Open hchandola opened 1 year ago
I have been working with @hchandola via chat to resolve another issue when this one popped up.
Need to reproduce it locally ourselves, but this error originates from the aiohttp websocket library. My initial hunch is the heartbeat sent by the library fails and the underlying transport is set to closing.
Looking at the initial logs sent in, I didn't see any detaches come in from the service.
Just stumbled upon this as well.

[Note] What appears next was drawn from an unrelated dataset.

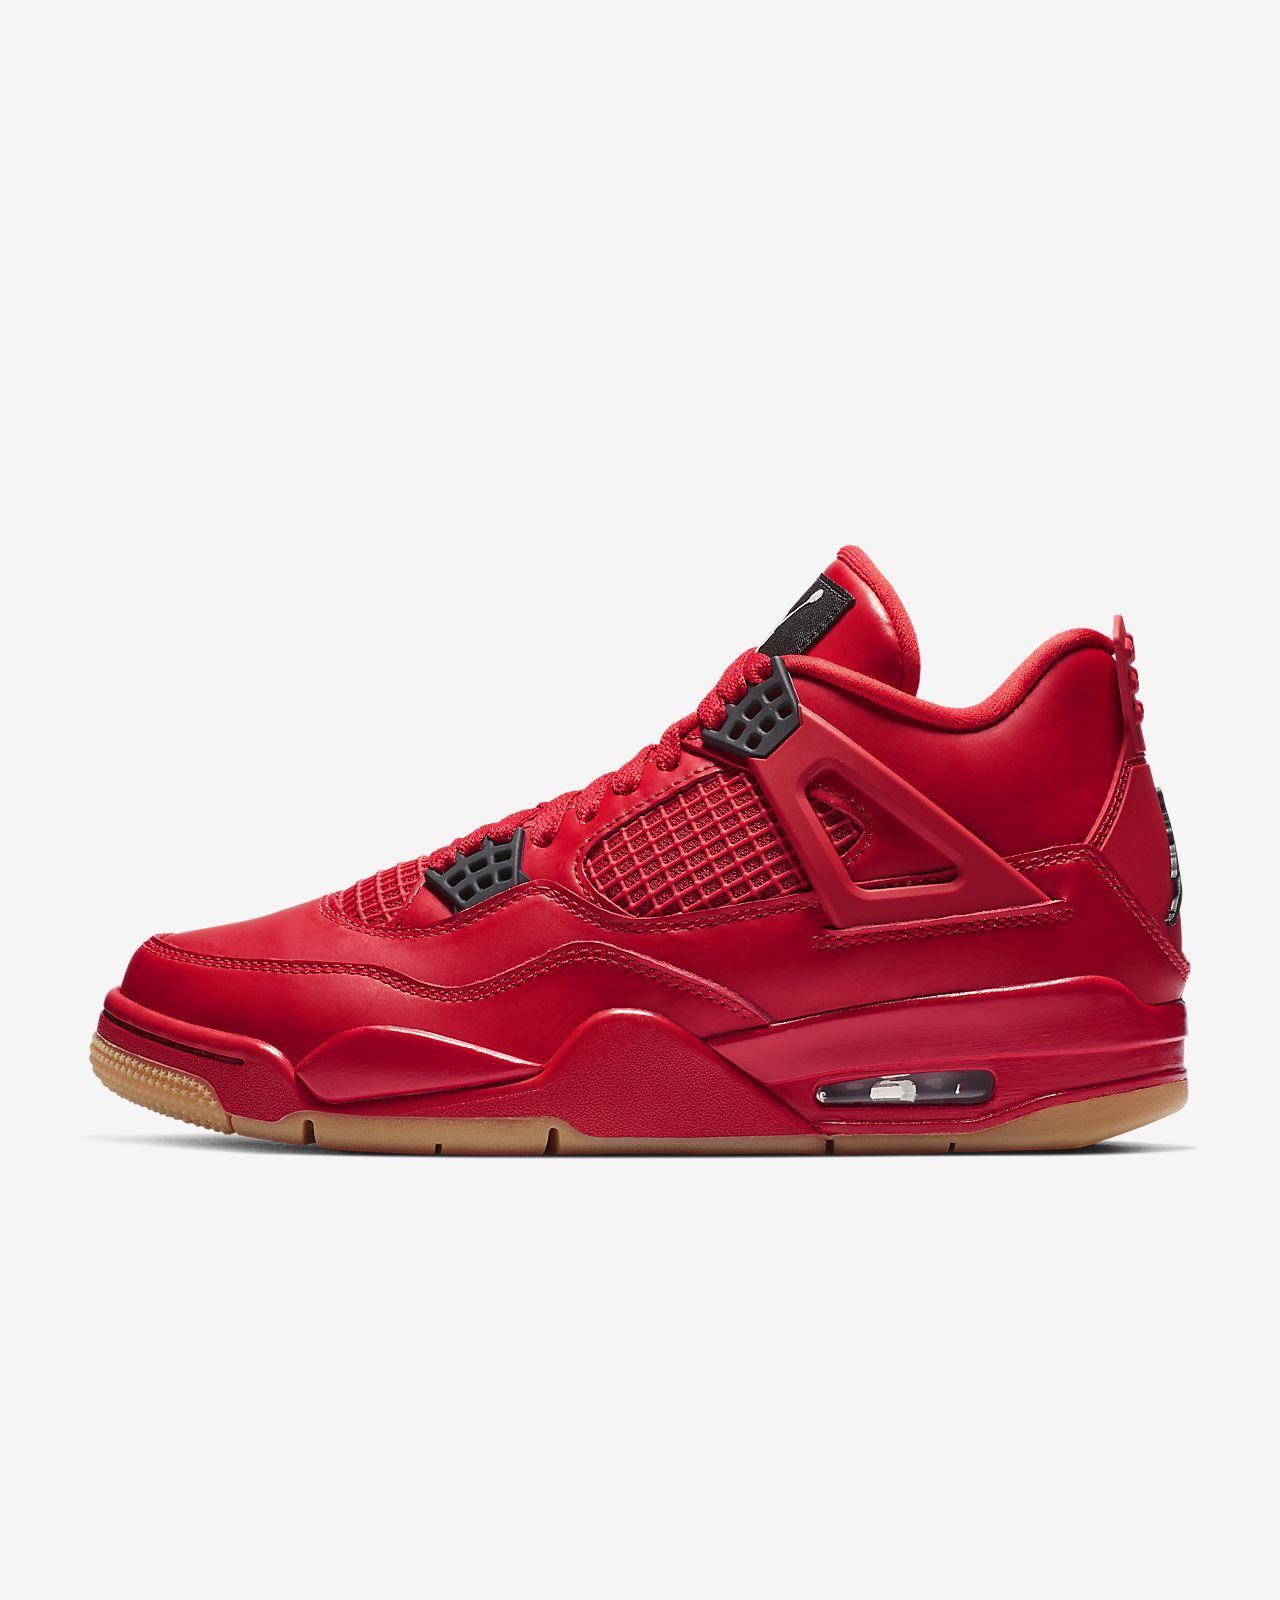 Air Jordan 4 Retro Women's Shoe

This is quite easy to replicate:
import asyncio
import logging
import logging.config
import os
from azure.servicebus import TransportType
from azure.servicebus.aio import AutoLockRenewer, ServiceBusClient
logging.config.dictConfig(
{
"version": 1,
"disable_existing_loggers": False,
"root": {
"level": "NOTSET",
"handlers": ["console", "file"],
},
"handlers": {
"console": {
"formatter": "simple",
"level": "INFO",
"class": "logging.StreamHandler",
"stream": "ext://sys.stdout",
},
"file": {
"formatter": "detailed",
"level": "DEBUG",
"class": "logging.FileHandler",
"filename": "sb.log",
"mode": "w",
},
},
"formatters": {
"simple": {"format": "%(levelname)-8s | %(name)s | %(message)s"},
"detailed": {
"format": "[%(asctime)s][%(levelname)-8s][%(name)s] %(message)s"
},
},
}
)
logging.captureWarnings(True)
logger = logging.getLogger("main")
connstr = os.environ["SERVICE_BUS_CONNECTION_STR"]

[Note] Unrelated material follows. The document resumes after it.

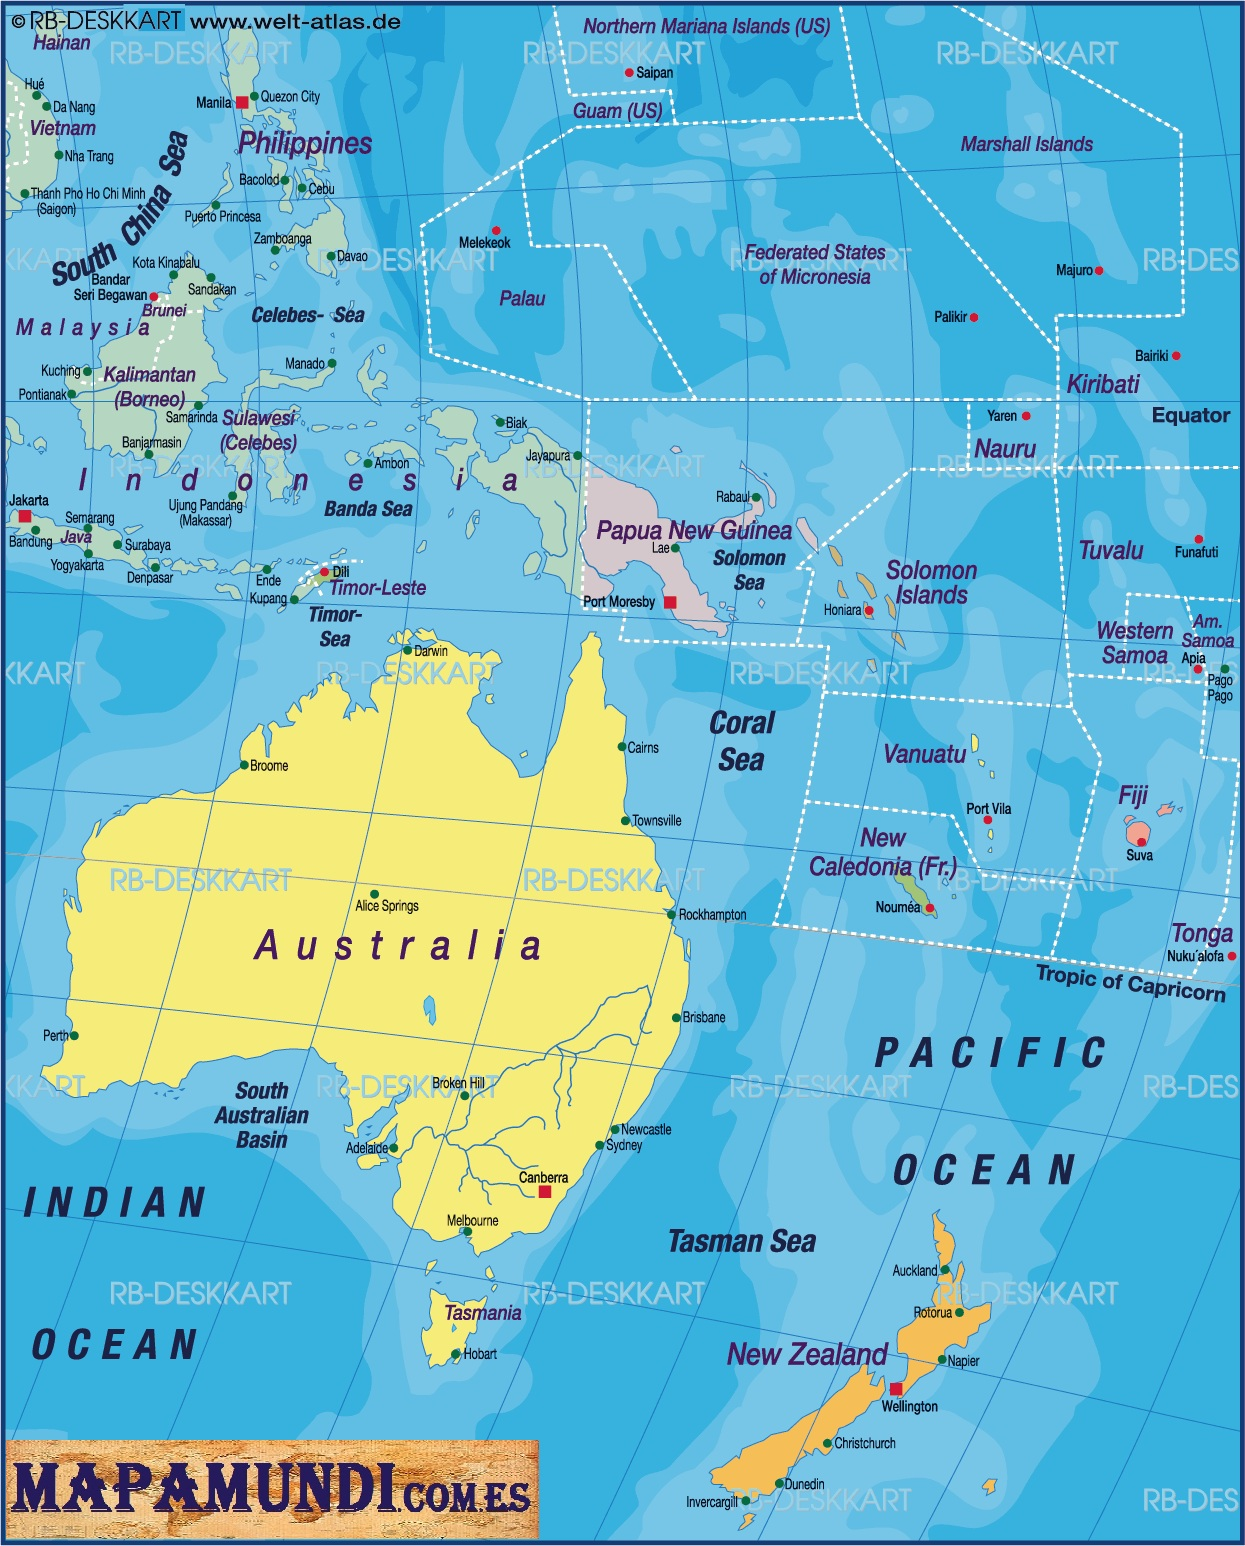 Mapamundi Mapas Del Mundo Y Mucho Mas Mapamundi Mapa De

queue_name = os.environ["SERVICE_BUS_QUEUE_NAME"]
async def main() -> None:
# CHANGE ME
transport_type = TransportType.AmqpOverWebsocket
async with ServiceBusClient.from_connection_string(
conn_str=connstr,
transport_type=transport_type,
) as sb_client:
receiver = sb_client.get_queue_receiver(queue_name=queue_name)
renewer = AutoLockRenewer()
async with receiver, renewer:
# CHANGE ME
counter = 14
while True:
messages = await receiver.receive_messages(max_message_count=1)
logger.info(f"Received {len(messages)} messages")
if not messages:
break
for msg in messages:
renewer.register(receiver, msg)
sleep_duration = float(counter)
logger.info(
f"Handling message {counter}: sleeping for {sleep_duration} ..."
)
await asyncio.sleep(sleep_duration)
logger.info(f"Handling message {counter} DONE")
await receiver.complete_message(msg)
counter += 1
asyncio.run(main())
Errors start happening right after the 15 second mark:
INFO | main | Received 1 messages
INFO | main | Handling message 14: sleeping for 14.0 ...
INFO | main | Handling message 14 DONE
INFO | main | Received 1 messages
INFO | main | Handling message 15: sleeping for 15.0 ...
INFO | main | Handling message 15 DONE
INFO | main | Received 1 messages
INFO | main | Handling message 16: sleeping for 16.0 ...
INFO | main | Handling message 16 DONE
INFO | azure.servicebus.aio._base_handler_async | AMQP error occurred: (AMQPConnectionError('Error condition: ErrorCondition.SocketError\n Error Description: Can not send frame out due to exception: Cannot write to closing transport')), condition: (<ErrorCondition.SocketError: b'amqp:socket-error'>), description: ('Can not send frame out due to exception: Cannot write to closing transport').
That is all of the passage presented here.